* **TASK ITEM**: Below are records to give again exactly; omit each image they contain.

-- ENTRIES PROVIDED follows --

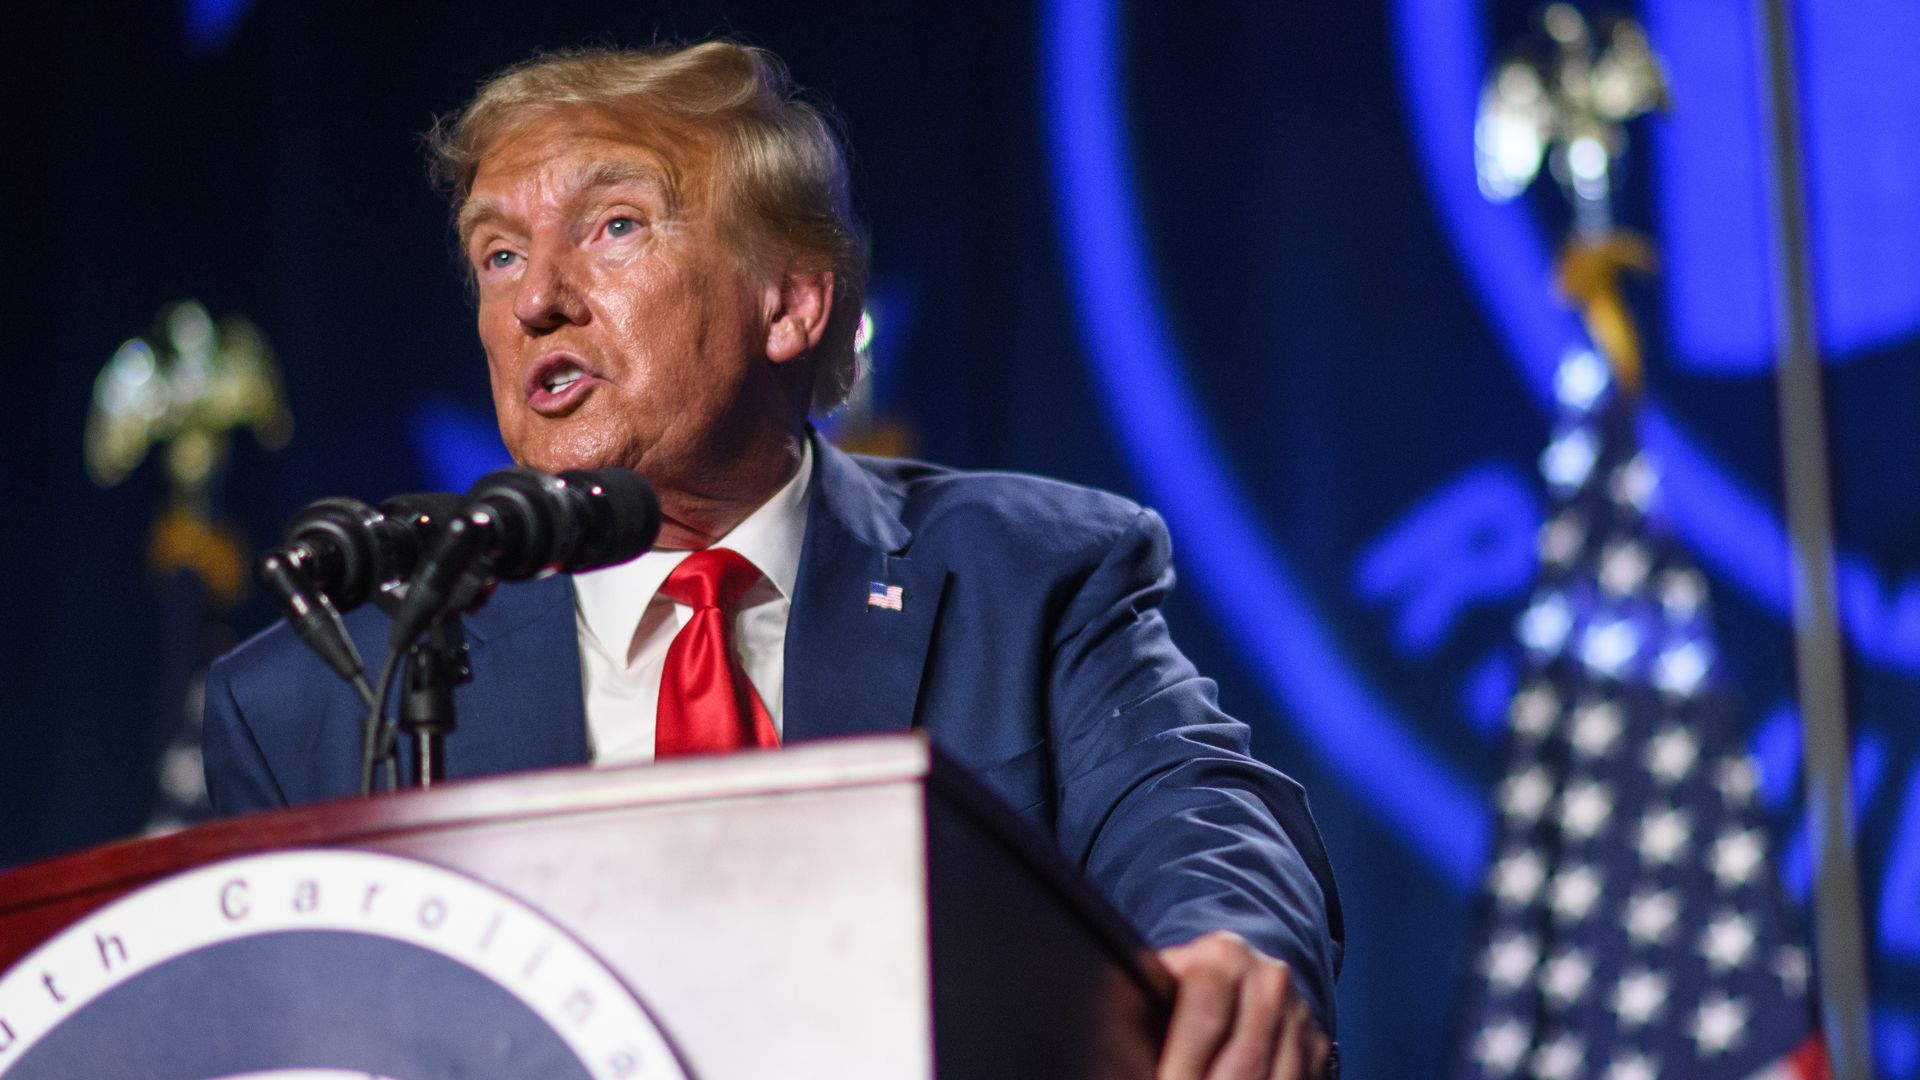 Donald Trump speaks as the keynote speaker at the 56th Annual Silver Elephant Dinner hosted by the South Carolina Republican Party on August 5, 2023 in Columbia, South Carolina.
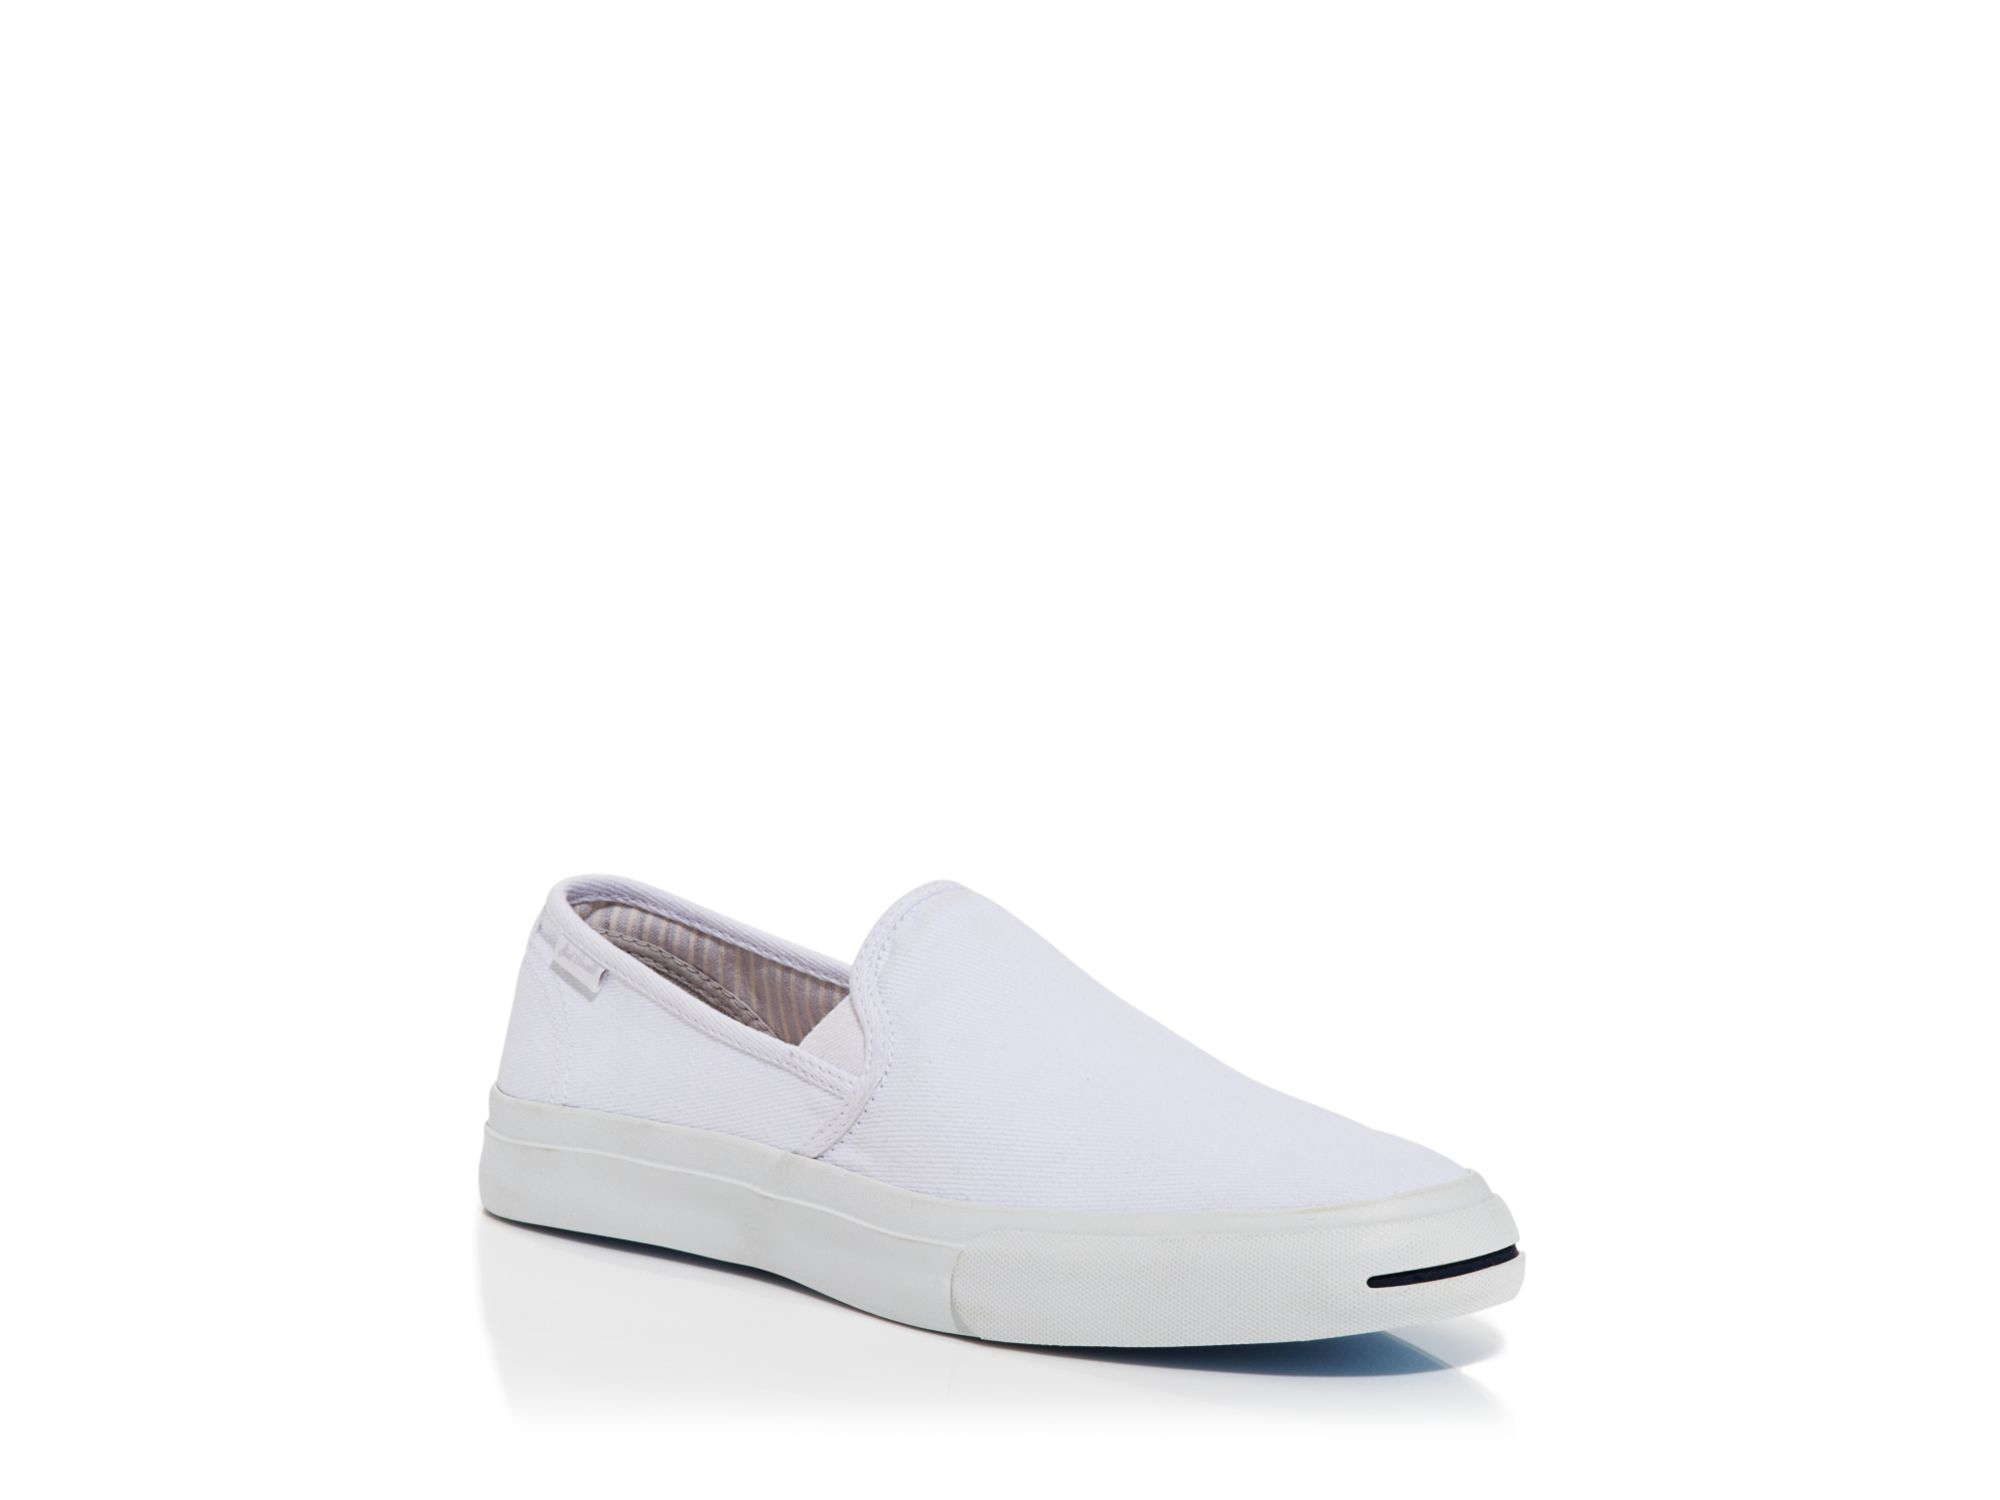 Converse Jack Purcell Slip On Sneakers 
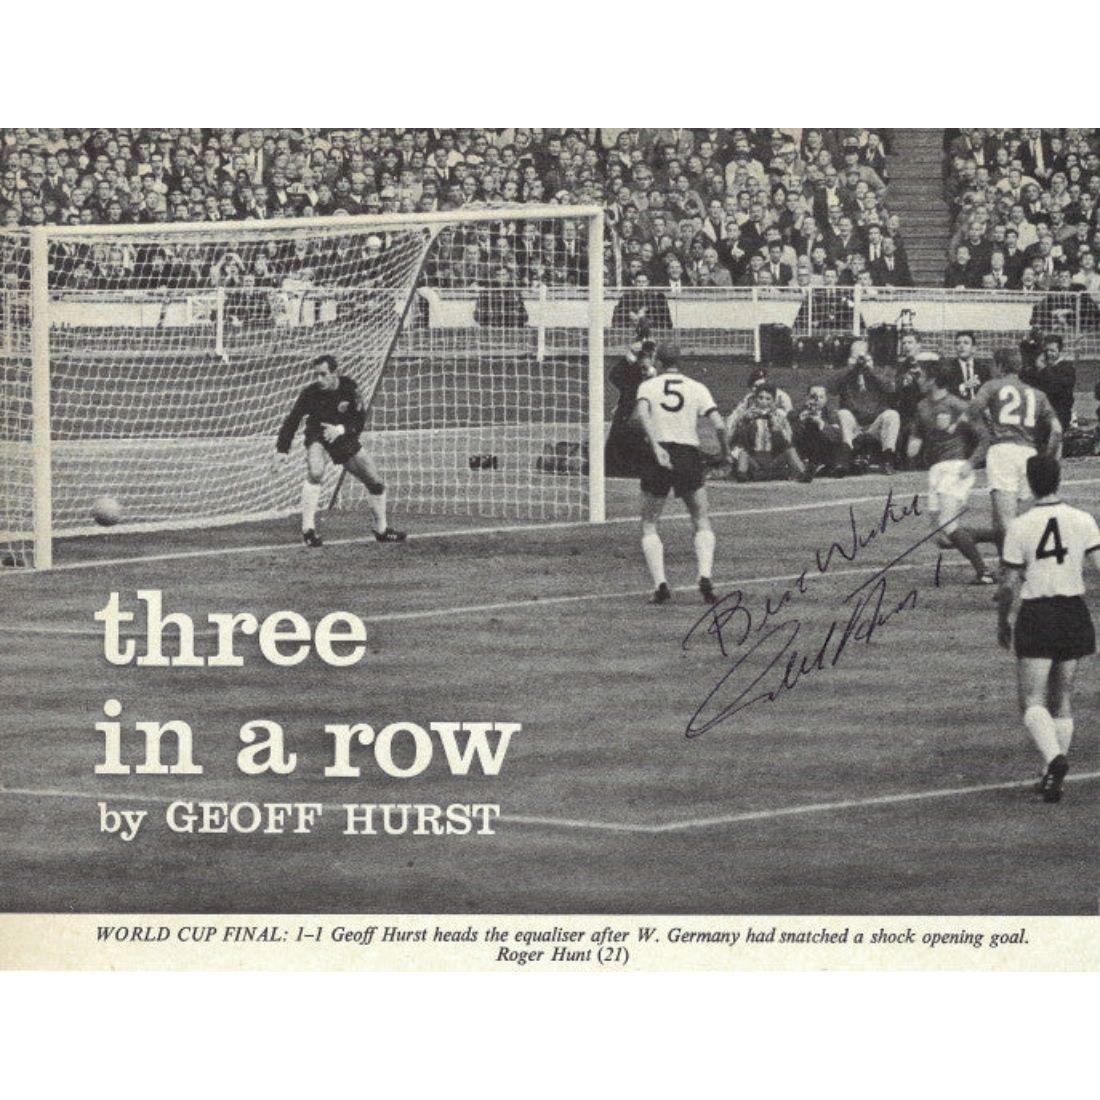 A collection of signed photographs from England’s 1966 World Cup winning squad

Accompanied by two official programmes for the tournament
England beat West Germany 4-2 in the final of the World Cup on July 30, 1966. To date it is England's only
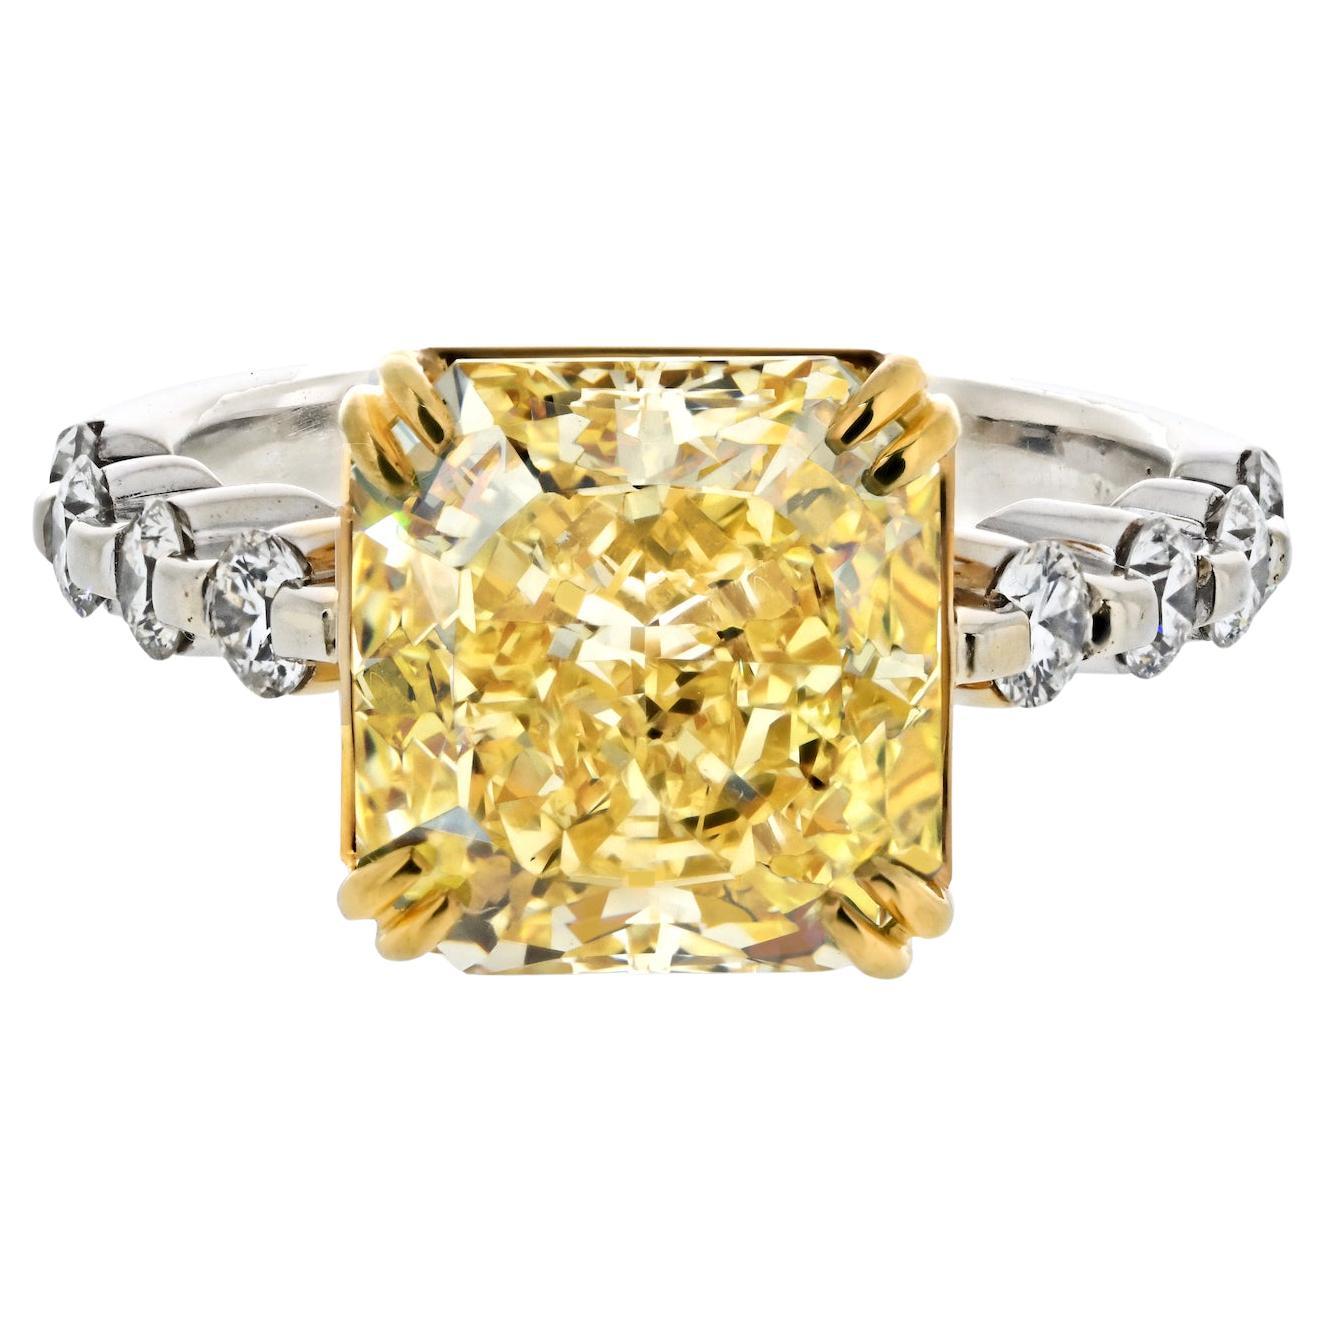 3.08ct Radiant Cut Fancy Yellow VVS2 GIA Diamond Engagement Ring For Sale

-- ENTRIES PROVIDED concluded --

* **FINAL ANSWER**:
 Donald Trump speaks as the keynote speaker at the 56th Annual Silver Elephant Dinner hosted by the South Carolina Republican Party on August 5, 2023 in Columbia, South Carolina.
 Converse Jack Purcell Slip On Sneakers 
 A collection of signed photographs from England’s 1966 World Cup winning squad

Accompanied by two official programmes for the tournament
England beat West Germany 4-2 in the final of the World Cup on July 30, 1966. To date it is England's only
 3.08ct Radiant Cut Fancy Yellow VVS2 GIA Diamond Engagement Ring For Sale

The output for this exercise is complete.